Streaming file upload using bottle (or flask or similar)

Deadly 提交于 2019-11-28 16:55:11

I recommend splitting the incoming file into smaller-sized chunks on the frontend. I'm doing this to implement a pause/resume function for large file uploads in a Flask application.

Using Sebastian Tschan's jquery plugin, you can implement chunking by specifying a maxChunkSize when initializing the plugin, as in:

$('#file-select').fileupload({
    url: '/uploads/',
    sequentialUploads: true,
    done: function (e, data) {
        console.log("uploaded: " + data.files[0].name)
    },
    maxChunkSize: 1000000 // 1 MB
});

Now the client will send multiple requests when uploading large files. And your server-side code can use the Content-Range header to patch the original large file back together. For a Flask application, the view might look something like:

# Upload files
@app.route('/uploads/', methods=['POST'])
def results():

    files = request.files

    # assuming only one file is passed in the request
    key = files.keys()[0]
    value = files[key] # this is a Werkzeug FileStorage object
    filename = value.filename

    if 'Content-Range' in request.headers:
        # extract starting byte from Content-Range header string
        range_str = request.headers['Content-Range']
        start_bytes = int(range_str.split(' ')[1].split('-')[0])

        # append chunk to the file on disk, or create new
        with open(filename, 'a') as f:
            f.seek(start_bytes)
            f.write(value.stream.read())

    else:
        # this is not a chunked request, so just save the whole file
        value.save(filename)

    # send response with appropriate mime type header
    return jsonify({"name": value.filename,
                    "size": os.path.getsize(filename),
                    "url": 'uploads/' + value.filename,
                    "thumbnail_url": None,
                    "delete_url": None,
                    "delete_type": None,})
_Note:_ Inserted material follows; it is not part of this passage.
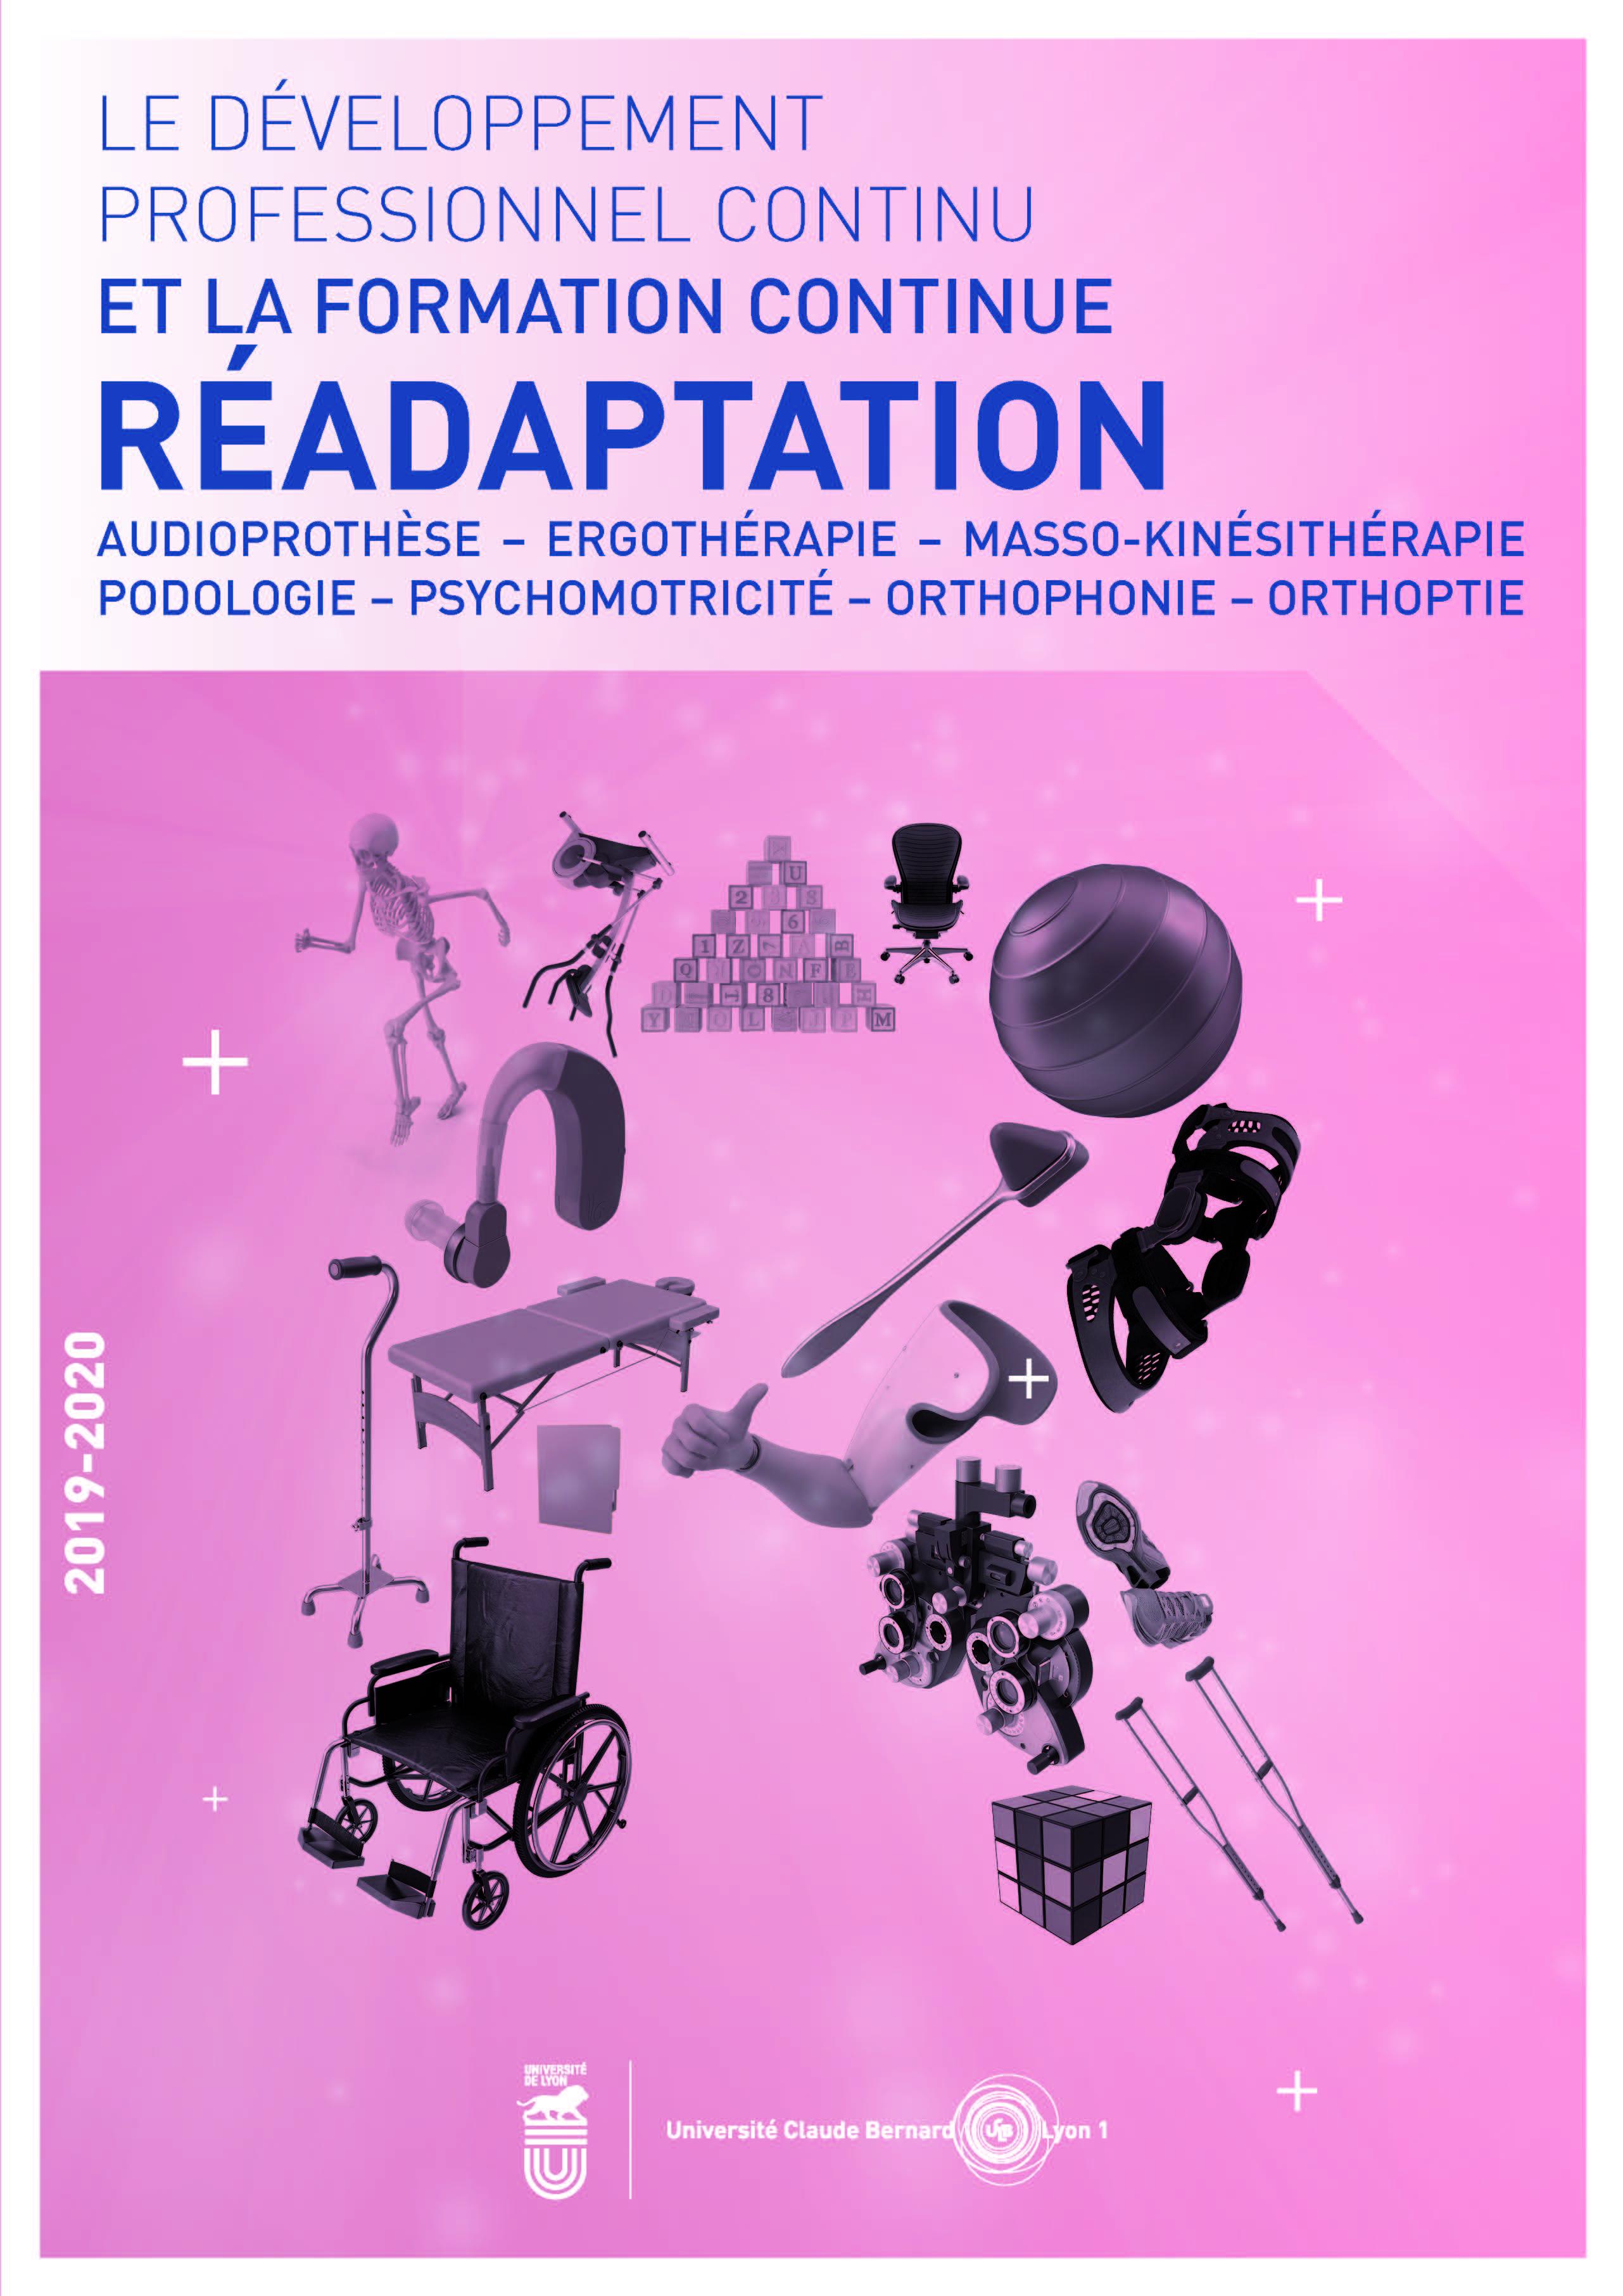 Brochure Readaptation 2019

For your particular application, you will just have to make sure that the correct auth headers are still sent with each request.

Hope this helps! I was struggling with this problem for a while ;)
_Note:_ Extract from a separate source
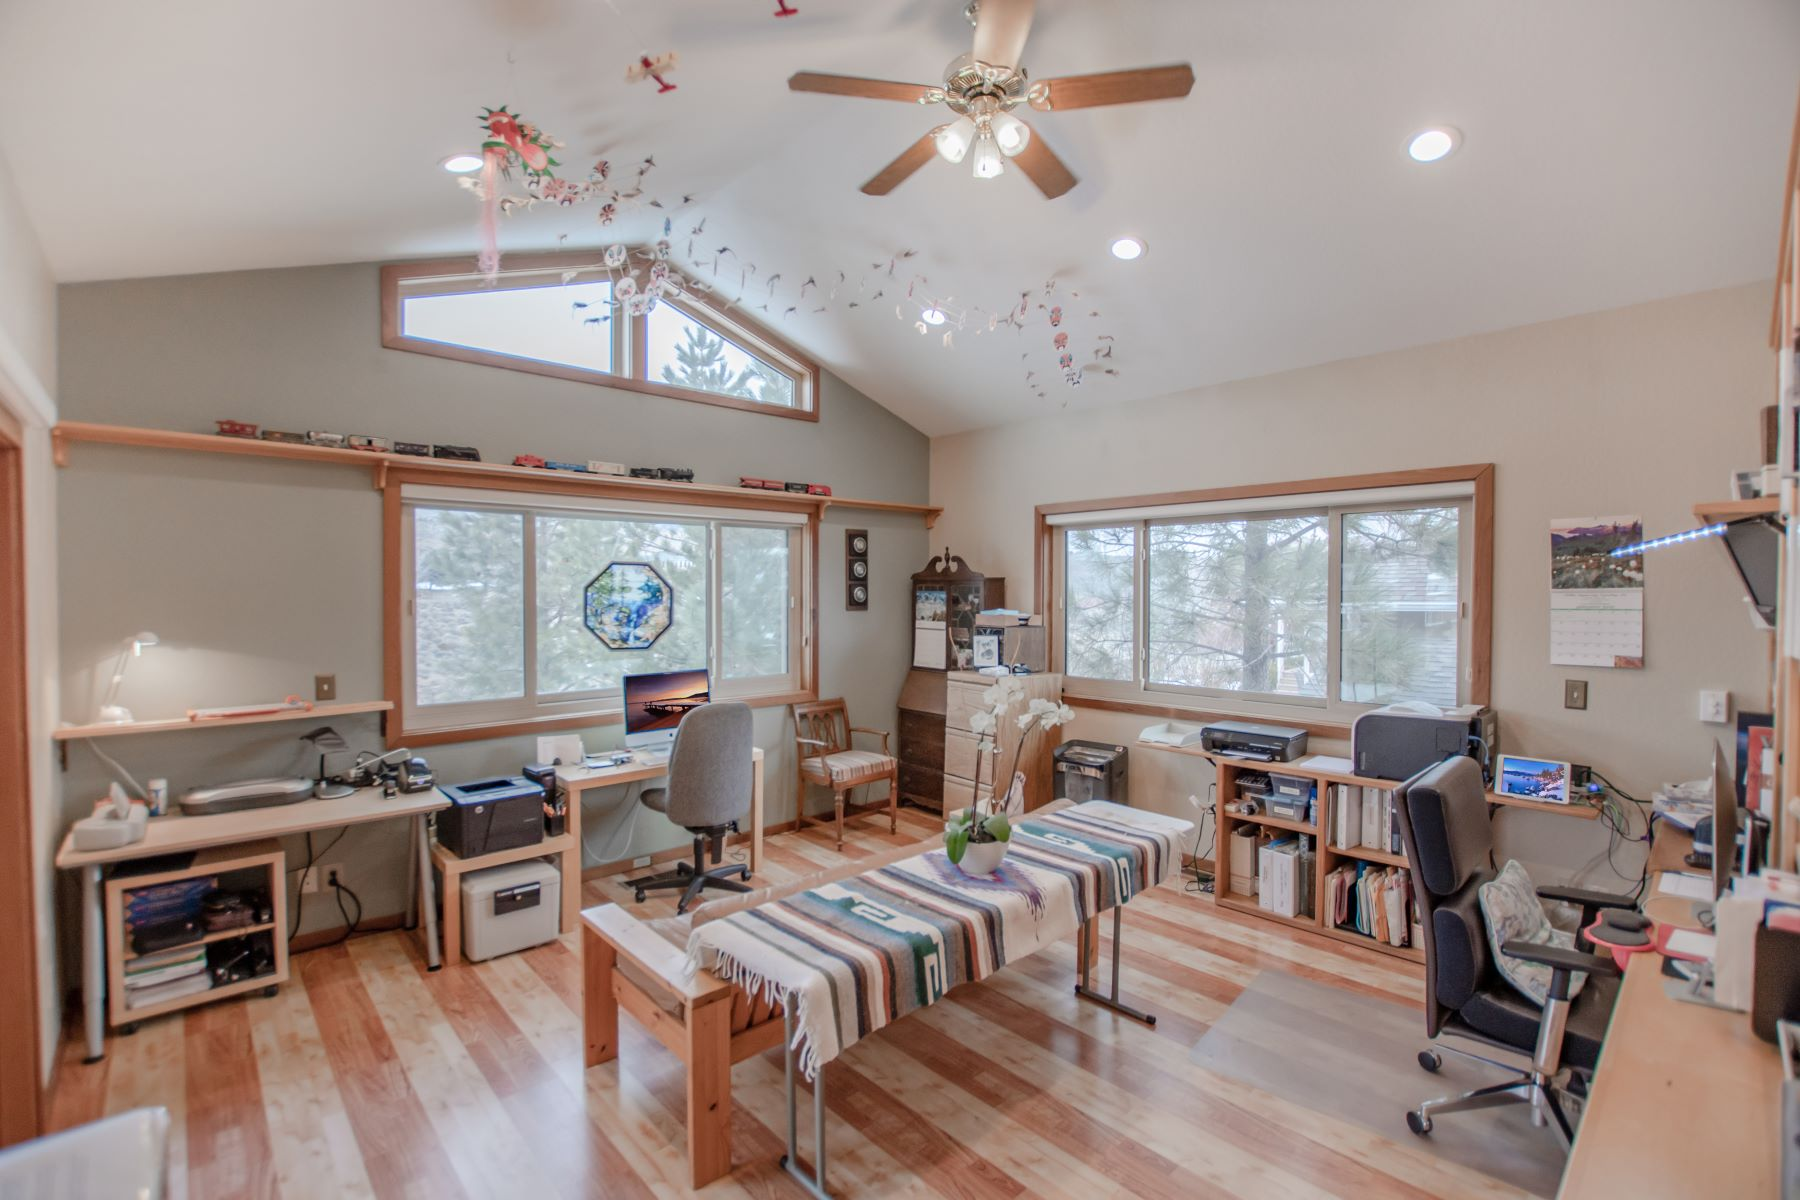 Additional photo for property listing at 295 Mogul Mountain Drive, Reno, Nevada 295 Mogul Mountain Drive Reno, Nevada 89523 United States

When using plupload solution might be like this one:

$("#uploader").plupload({
    // General settings
    runtimes : 'html5,flash,silverlight,html4',
    url : "/uploads/",

    // Maximum file size
    max_file_size : '20mb',

    chunk_size: '128kb',

    // Specify what files to browse for
    filters : [
        {title : "Image files", extensions : "jpg,gif,png"},
    ],

    // Enable ability to drag'n'drop files onto the widget (currently only HTML5 supports that)
    dragdrop: true,

    // Views to activate
    views: {
        list: true,
        thumbs: true, // Show thumbs
        active: 'thumbs'
    },

    // Flash settings
    flash_swf_url : '/static/js/plupload-2.1.2/js/plupload/js/Moxie.swf',

    // Silverlight settings
    silverlight_xap_url : '/static/js/plupload-2.1.2/js/plupload/js/Moxie.xap'
});

And your flask-python code in such case would be similar to this:

from werkzeug import secure_filename

# Upload files
@app.route('/uploads/', methods=['POST'])
def results():
    content = request.files['file'].read()
    filename = secure_filename(request.values['name'])

    with open(filename, 'ab+') as fp:
        fp.write(content)

    # send response with appropriate mime type header
    return jsonify({
        "name": filename,
        "size": os.path.getsize(filename),
        "url": 'uploads/' + filename,})

Plupload always sends chunks in exactly same order, from first to last, so you do not have to bother with seek or anything like that.